In a previous meeting on Tuesday evening, the Waller Creek Citizen Advisory Committee had discussed the possibility of trying to include some aspects of the massive development in a $100 million transportation bond election the City Council is considering for November. Members of the committee present at the Tuesday meeting appeared unanimous in their desire to include some elements of the master plan, such as trail and bike path design, in the bond and to make those intentions part of the committee’s formal recommendations to Council.

 

The focus would be on design rather than construction, since construction cannot begin on any part of the Waller Creek Master Plan until the tunnel project is completed in 2014, and the November bond, if passed, is expected to cover only projects that can be completed in two years. Committee Chairman Sam Archer urged the group to start identifying aspects of the plan that could be included in a bond and also to look for other sources of funding. “This is our work, from here on out,” he said. “To figure out how we tie all these elements together.”

 

Last night’s town hall meeting included about an hour of give-and-take around seven stations tied to various aspects of the plan. Members of the advisory committee, led by Chair Sam Archer, laid out themes that emerged from a number of those stations during a wrap up of the evening’s session: 

 

Master Plan – Attendees wanted to encourage lower-rise development and preserving Austin’s heritage in the area. Some speakers had questions about enhanced mass transit, one requested a sidewalk study along major corridors, and another argued that parking garages next to Waterloo Park should be included in the redevelopment mix.

 

Bike and Ped Circulation Concept – Several speakers expressed concerns about the proper balance of bikes and non-bike traffic, either in separated or combined lanes. Attendees raised questions as to whether Red River is broad enough to accommodate a bicycle lane. Finding the proper balance was the overall theme.

 

Environmental Restoration – Several participants expressed opinions concerning the mix of the natural environment and new development.

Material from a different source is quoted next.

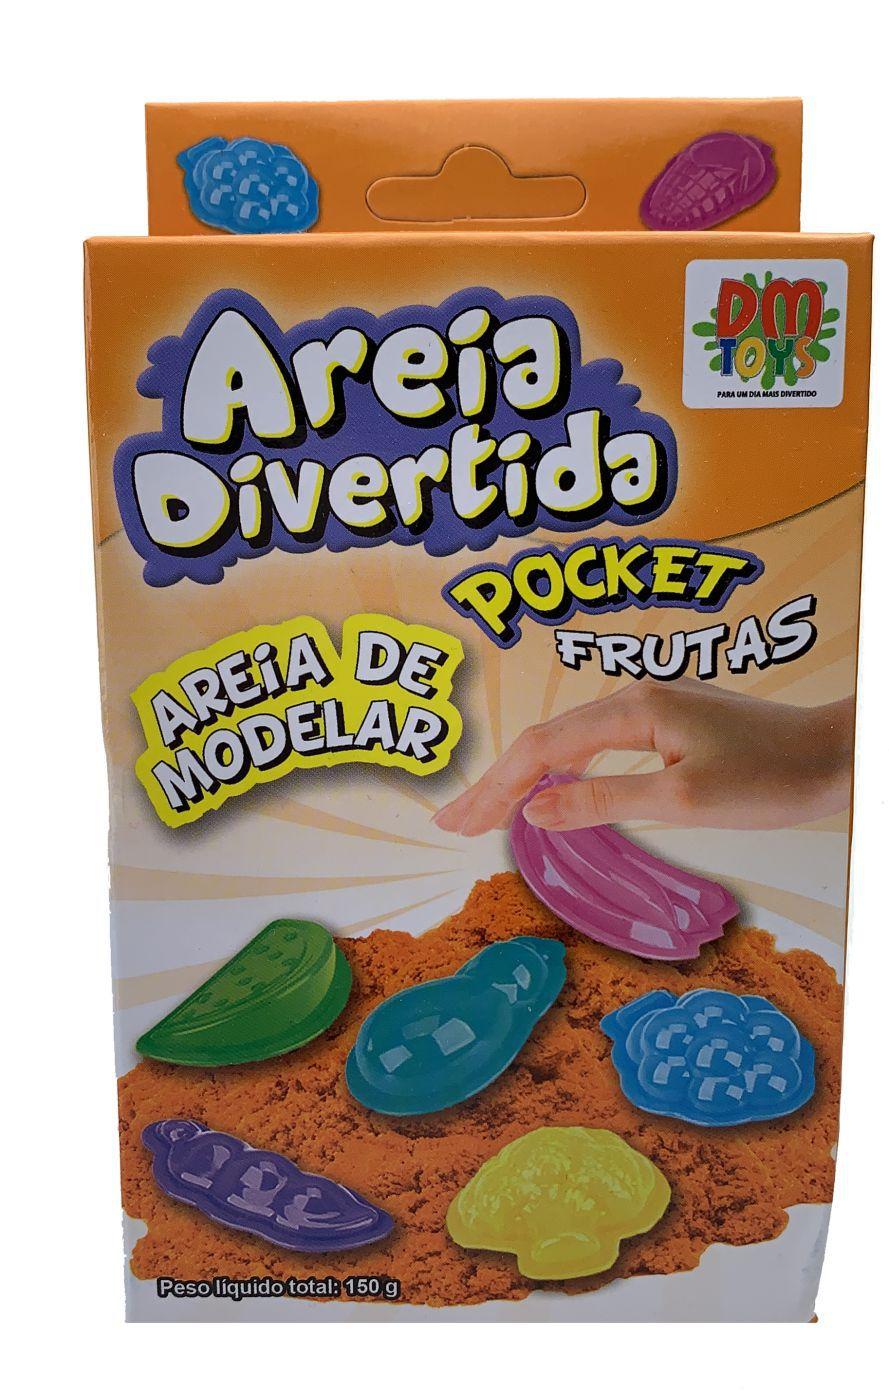 AREIA DE MODELAR - AREIA MÁGICA 150g E 300g

They asked questions about how the delta and small islands in Waller Creek would be protected. Some were concerned about the removal of trees from Waterloo Park. Most attendees in this group wanted to see a balance between low-scale development and nature. Many commented on how parking would fold into the development.

 

Proposed Development Standards – Attendees encouraged the city to go beyond the basic ADA requirements and make the space enjoyable for everyone. They expressed concerns about traffic spillover and connectivity on the south end of Waller. One speaker made a suggestion to incorporate a shoreline sculpture garden, while another expressed a desire to see affordable housing written into the standards. Still another wrote that tall buildings should be shifted to Congress Avenue: “We want to be more like Montreal, not Vancouver.” Someone suggested public restrooms.

 

Implementation and Next Steps – Funding and where to find it was a big question in this group. Attendees suggested different project phasing. Those who commented wanted a plan that would not be left on the shelf. Attendees supported continued public events and feedback opportunities to maintain momentum.

 

In his closing remarks, Archer said that the Waller Creek Citizens Advisory Committee would be supporting the Waller Creek plan as it moved through the approval process. The plan should hit the Planning Commission in May and Council in June.

 

The group also intended to support a number of other initiatives: the initiation of a procurement process to bring a landscape architect on board to complete the final design and engineering for the trail and corridor improvement projects along Waller Creek; a heightened regimen of maintenance and security along the creek; the coordination and staging of public events, fairs, and performances throughout the creek corridor; the promotion of the trail improvement project through marketing and publicity; and an evaluation of options to present recommendations on potential public-private partnerships to fund the improvements.